Necessary condition analysis has been used by Karwowski et al. (2016, 2017) and based on these studies the authors concluded that a not too low level of intelligence is necessary for creativity and the same conclusion was drawn by Shi et al. (2017). Other researchers using NCA have concluded that a certain degree of workplace spirituality is necessary for high levels of employee commitment, job satisfaction, and work-life balance satisfaction (Garg, 2017), that contracts with at least medium levels of contractual detail as well as the highest levels of trust are necessary for buyer–supplier relationships that have high levels of innovation (Van der Valk et al., 2016), and that a certain minimum level of safety consciousness is required to achieve top productivity results among long-haul truck drivers (De Vries et al., 2017).

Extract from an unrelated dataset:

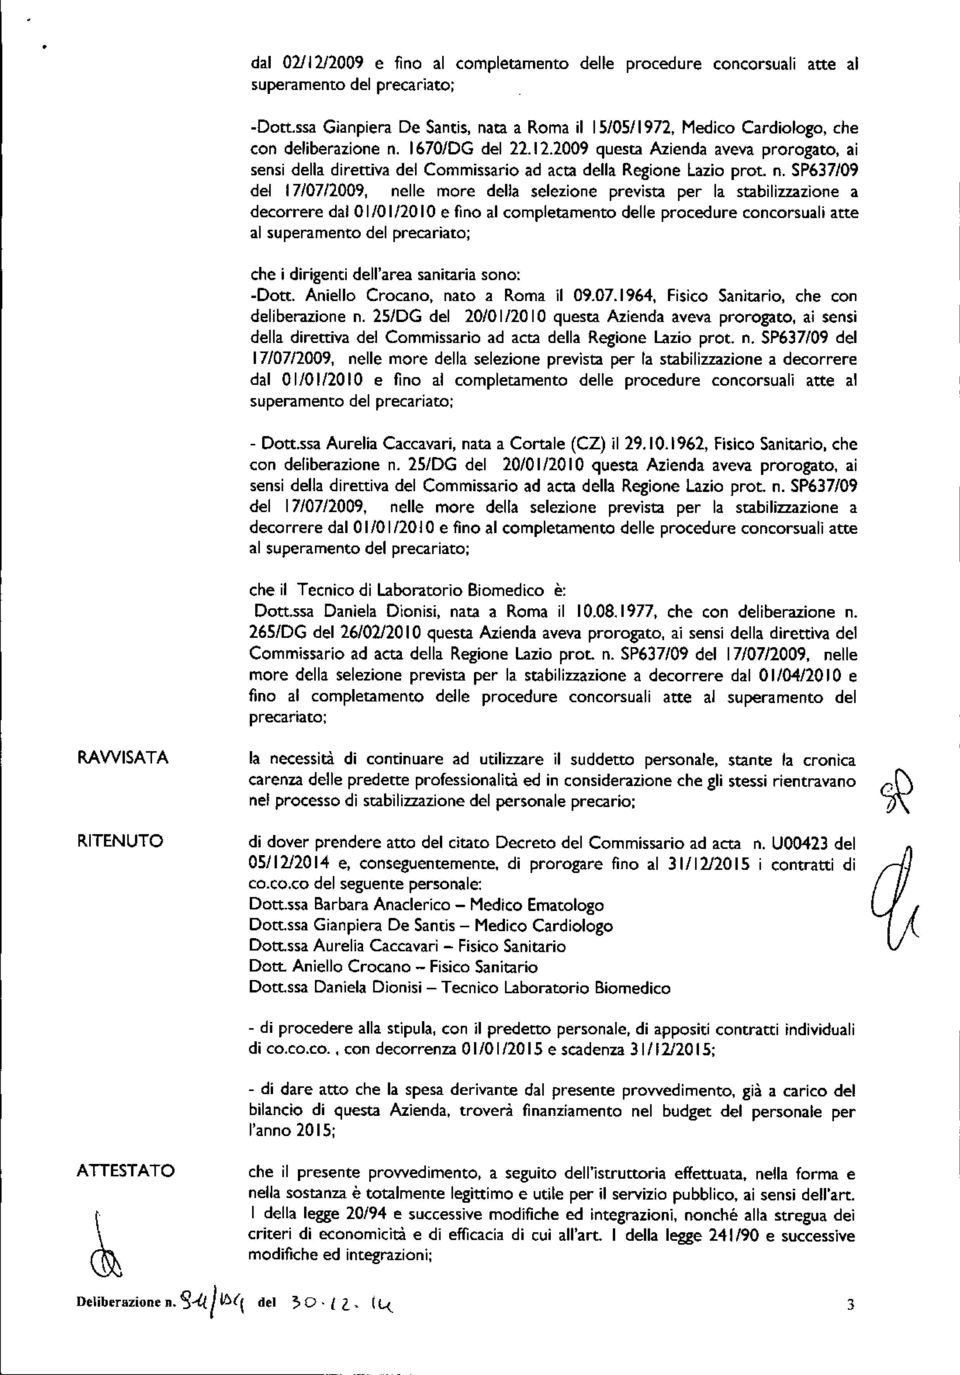 2009 questa Azienda aveva prorogato, ai sensi della direttiva del Commissario ad acta della Regione Lazio prot. n.

Reading the literature mentioned above, we started to suspect that the degree of necessity, as quantified by NCA, might be influenced by the skewness of the predictor and of the outcome, and that the precision of the necessity effect (i.e., its standard error) might also be influenced by sample size. The objective of the present simulation study was to explore these possibilities.

Method

Data was simulated and analyzed using R 3.3 (R Core Team, 2016). R is open source software that can be used for statistical analyses. Researchers and others have created and made available s.c. packages for specific analyses that can be used together with R. Two of these packages, namely one called “NCA” (Dul, 2016b) and another one called “moments” (Komsta and Novomestky, 2015), were used in the present study. Data was simulated through the following steps (script and data available as Supplementary Material): (1) variables X and Y of a defined length were randomly drawn from beta distributions with varying degrees of skewness; (2) the degree of necessity, as quantified by NCA (both CE-FDH and CR-FDH), as well as the skewness of X and Y were calculated and saved in a data frame. These steps were repeated a 1000 times for each combination of 5 sample sizes, 7 defined population skewness of X, and 7 defined population skewness of Y, resulting in 245,000 data sets. The used sample sizes were 50, 200, 800, 3200, and 12.800. Variables X and Y were drawn from beta distributions with (a) alpha = 9 and beta = 1; (b) alpha = 9 and beta = 2; (c) alpha = 9 and beta = 3; (d) alpha = 9 and beta = 9; (e) alpha = 3 and beta = 9; (f) alpha = 2 and beta = 9; (g) alpha = 1 and beta = 9, which corresponds to skewness (a) -1.47; (b) -0.88; (c) -0.59; (d) 0; (e) 0.59; (f) 0.88; and (g) 1.47.

Results

In order to always predict a value between 0 and 1, CE-FDH and CR-FDH were transformed to log odds (logit) and these were highly predictable [R2 = 0.70 and 0.64 for logit(CE-FDH) and logit(CR-FDH), respectively] from the skewness of X and Y and their interaction according to the following formulas:

log(CE-FDH/(1-CE-FDH)) = -3.19 - 1.14 × Skew(X)+ 1.14 × Skew(Y)+ 0.10 × Skew(X) × Skew(Y)log(CR-FDH/(1-CR-FDH)) = -3.02 - 0.88 × Skew(X)+ 0.95 × Skew(Y) -0.027 × Skew(X) × Skew(Y)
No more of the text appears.